Start of GIVEN INFORMATION

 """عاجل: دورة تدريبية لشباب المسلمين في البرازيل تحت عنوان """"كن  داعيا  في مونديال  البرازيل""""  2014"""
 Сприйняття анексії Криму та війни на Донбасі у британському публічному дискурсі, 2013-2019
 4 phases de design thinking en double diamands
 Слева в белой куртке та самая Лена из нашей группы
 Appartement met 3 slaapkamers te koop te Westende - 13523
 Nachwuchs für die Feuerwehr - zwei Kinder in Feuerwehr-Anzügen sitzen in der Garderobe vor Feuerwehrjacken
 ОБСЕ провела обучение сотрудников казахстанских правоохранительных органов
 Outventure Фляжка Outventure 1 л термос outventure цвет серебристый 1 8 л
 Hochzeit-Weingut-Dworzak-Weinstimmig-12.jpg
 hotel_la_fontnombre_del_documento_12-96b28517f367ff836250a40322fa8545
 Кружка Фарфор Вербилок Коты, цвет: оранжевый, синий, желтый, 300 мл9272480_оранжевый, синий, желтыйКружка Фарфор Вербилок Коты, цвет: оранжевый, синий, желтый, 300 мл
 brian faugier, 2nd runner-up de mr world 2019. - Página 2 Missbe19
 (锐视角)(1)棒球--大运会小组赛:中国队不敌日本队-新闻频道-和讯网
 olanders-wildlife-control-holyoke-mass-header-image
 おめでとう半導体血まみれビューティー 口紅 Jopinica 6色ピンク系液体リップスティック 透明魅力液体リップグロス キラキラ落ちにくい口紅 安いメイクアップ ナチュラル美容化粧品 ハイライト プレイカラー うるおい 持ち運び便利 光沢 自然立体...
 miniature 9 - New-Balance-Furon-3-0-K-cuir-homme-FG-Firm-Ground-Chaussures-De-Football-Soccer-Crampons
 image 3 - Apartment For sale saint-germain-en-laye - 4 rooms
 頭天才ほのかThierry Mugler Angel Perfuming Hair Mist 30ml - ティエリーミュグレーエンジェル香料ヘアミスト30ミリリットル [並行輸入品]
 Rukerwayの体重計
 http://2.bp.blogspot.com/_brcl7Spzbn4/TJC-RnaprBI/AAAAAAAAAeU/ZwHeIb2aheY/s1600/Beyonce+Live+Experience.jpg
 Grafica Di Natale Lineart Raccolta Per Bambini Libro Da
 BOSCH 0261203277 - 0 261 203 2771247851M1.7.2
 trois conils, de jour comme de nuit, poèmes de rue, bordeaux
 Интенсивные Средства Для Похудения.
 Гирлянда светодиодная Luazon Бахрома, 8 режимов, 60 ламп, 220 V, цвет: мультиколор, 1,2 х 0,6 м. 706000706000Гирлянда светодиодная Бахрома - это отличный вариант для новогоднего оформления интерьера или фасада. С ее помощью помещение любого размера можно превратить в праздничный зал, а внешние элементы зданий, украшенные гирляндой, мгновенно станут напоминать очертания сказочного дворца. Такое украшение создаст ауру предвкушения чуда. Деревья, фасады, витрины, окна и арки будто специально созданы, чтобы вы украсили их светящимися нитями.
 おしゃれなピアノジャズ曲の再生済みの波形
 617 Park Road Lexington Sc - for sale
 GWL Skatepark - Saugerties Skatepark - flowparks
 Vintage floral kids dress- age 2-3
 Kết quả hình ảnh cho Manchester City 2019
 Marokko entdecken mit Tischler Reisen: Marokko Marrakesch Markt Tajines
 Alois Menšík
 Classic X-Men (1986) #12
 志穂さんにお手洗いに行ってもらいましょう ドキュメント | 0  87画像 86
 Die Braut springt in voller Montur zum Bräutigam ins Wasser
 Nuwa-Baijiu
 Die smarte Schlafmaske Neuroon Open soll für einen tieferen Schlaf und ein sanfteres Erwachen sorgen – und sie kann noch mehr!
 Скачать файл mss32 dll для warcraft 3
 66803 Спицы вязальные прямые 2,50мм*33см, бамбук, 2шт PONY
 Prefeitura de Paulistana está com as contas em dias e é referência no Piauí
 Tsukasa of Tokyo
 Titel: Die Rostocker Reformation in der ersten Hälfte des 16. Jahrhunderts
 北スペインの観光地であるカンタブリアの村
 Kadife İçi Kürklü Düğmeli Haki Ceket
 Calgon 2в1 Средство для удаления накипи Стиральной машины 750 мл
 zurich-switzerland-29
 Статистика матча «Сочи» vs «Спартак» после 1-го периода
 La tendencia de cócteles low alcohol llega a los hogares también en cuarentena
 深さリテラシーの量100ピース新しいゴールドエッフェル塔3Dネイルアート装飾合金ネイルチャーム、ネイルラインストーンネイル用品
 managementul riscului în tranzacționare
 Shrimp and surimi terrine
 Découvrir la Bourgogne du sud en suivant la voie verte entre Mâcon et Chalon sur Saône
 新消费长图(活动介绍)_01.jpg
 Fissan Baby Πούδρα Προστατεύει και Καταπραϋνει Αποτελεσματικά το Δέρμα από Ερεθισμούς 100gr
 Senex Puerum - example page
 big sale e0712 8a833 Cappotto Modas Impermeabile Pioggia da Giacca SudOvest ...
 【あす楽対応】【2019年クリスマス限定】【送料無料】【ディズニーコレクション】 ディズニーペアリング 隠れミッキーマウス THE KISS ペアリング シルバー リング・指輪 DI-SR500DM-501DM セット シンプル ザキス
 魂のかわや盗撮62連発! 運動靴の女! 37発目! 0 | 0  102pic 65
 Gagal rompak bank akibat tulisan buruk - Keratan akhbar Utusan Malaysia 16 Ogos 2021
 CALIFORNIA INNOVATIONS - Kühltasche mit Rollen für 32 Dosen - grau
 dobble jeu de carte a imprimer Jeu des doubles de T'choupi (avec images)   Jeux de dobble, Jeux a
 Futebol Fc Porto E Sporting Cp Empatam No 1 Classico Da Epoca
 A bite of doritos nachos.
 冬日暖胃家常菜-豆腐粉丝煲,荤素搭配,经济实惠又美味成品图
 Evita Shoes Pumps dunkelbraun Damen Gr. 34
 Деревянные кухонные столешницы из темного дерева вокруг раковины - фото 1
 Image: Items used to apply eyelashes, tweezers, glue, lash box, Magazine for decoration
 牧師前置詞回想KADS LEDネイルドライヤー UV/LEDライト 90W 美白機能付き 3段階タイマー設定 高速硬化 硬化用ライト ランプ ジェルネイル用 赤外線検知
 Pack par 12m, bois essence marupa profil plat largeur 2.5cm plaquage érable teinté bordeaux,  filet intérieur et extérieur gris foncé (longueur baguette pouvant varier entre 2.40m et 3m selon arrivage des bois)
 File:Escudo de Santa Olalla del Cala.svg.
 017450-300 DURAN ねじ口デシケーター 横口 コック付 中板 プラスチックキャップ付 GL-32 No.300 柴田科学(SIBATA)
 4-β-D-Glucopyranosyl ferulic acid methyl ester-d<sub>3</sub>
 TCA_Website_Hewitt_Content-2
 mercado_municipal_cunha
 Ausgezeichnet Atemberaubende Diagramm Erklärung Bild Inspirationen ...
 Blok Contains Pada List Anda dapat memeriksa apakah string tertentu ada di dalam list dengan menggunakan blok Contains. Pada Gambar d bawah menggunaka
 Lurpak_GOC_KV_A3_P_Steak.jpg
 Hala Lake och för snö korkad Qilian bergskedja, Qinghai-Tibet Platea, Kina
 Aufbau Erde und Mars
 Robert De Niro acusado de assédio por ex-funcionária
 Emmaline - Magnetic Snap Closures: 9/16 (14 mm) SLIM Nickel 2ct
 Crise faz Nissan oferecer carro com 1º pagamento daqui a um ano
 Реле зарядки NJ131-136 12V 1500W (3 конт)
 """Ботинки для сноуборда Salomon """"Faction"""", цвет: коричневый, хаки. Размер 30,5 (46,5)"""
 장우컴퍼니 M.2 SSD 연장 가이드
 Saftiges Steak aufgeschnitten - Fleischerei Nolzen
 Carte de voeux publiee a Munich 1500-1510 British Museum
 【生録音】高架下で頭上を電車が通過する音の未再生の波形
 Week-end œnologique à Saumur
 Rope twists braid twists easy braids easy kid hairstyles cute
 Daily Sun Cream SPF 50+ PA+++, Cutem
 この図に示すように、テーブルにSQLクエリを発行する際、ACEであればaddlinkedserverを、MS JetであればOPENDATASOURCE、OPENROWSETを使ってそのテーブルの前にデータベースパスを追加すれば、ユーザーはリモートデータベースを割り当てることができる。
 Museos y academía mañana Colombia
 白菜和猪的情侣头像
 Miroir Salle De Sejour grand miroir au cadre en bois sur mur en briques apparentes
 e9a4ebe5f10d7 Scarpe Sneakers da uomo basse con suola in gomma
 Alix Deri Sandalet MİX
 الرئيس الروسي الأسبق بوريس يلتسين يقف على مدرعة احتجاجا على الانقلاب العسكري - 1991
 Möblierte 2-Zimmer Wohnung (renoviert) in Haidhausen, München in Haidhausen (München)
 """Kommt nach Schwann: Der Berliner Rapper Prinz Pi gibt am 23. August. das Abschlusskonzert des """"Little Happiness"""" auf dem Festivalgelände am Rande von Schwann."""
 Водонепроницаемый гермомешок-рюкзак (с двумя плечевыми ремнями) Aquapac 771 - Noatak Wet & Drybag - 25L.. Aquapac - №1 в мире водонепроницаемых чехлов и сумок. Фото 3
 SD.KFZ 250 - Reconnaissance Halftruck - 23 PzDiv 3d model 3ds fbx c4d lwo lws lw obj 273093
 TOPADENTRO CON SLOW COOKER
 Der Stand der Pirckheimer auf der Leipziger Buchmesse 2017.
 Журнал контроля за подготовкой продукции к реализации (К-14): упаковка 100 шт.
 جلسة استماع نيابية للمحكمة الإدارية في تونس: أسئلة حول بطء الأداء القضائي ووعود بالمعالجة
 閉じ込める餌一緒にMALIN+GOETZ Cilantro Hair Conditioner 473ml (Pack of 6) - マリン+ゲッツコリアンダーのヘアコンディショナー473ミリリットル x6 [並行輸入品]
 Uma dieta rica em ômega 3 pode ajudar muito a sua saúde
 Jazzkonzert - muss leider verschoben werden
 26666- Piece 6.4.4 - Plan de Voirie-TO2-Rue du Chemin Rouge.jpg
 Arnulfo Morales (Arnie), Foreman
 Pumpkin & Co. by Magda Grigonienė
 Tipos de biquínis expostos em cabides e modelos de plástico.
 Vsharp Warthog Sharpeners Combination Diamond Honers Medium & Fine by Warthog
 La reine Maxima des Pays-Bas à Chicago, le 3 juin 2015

End of GIVEN INFORMATION

EXERCISE DIRECTIONS: Which lines hold the word "Pack"? Return all of them from the records above.

EXERCISE ANSWER:
 Pack par 12m, bois essence marupa profil plat largeur 2.5cm plaquage érable teinté bordeaux,  filet intérieur et extérieur gris foncé (longueur baguette pouvant varier entre 2.40m et 3m selon arrivage des bois)
 閉じ込める餌一緒にMALIN+GOETZ Cilantro Hair Conditioner 473ml (Pack of 6) - マリン+ゲッツコリアンダーのヘアコンディショナー473ミリリットル x6 [並行輸入品]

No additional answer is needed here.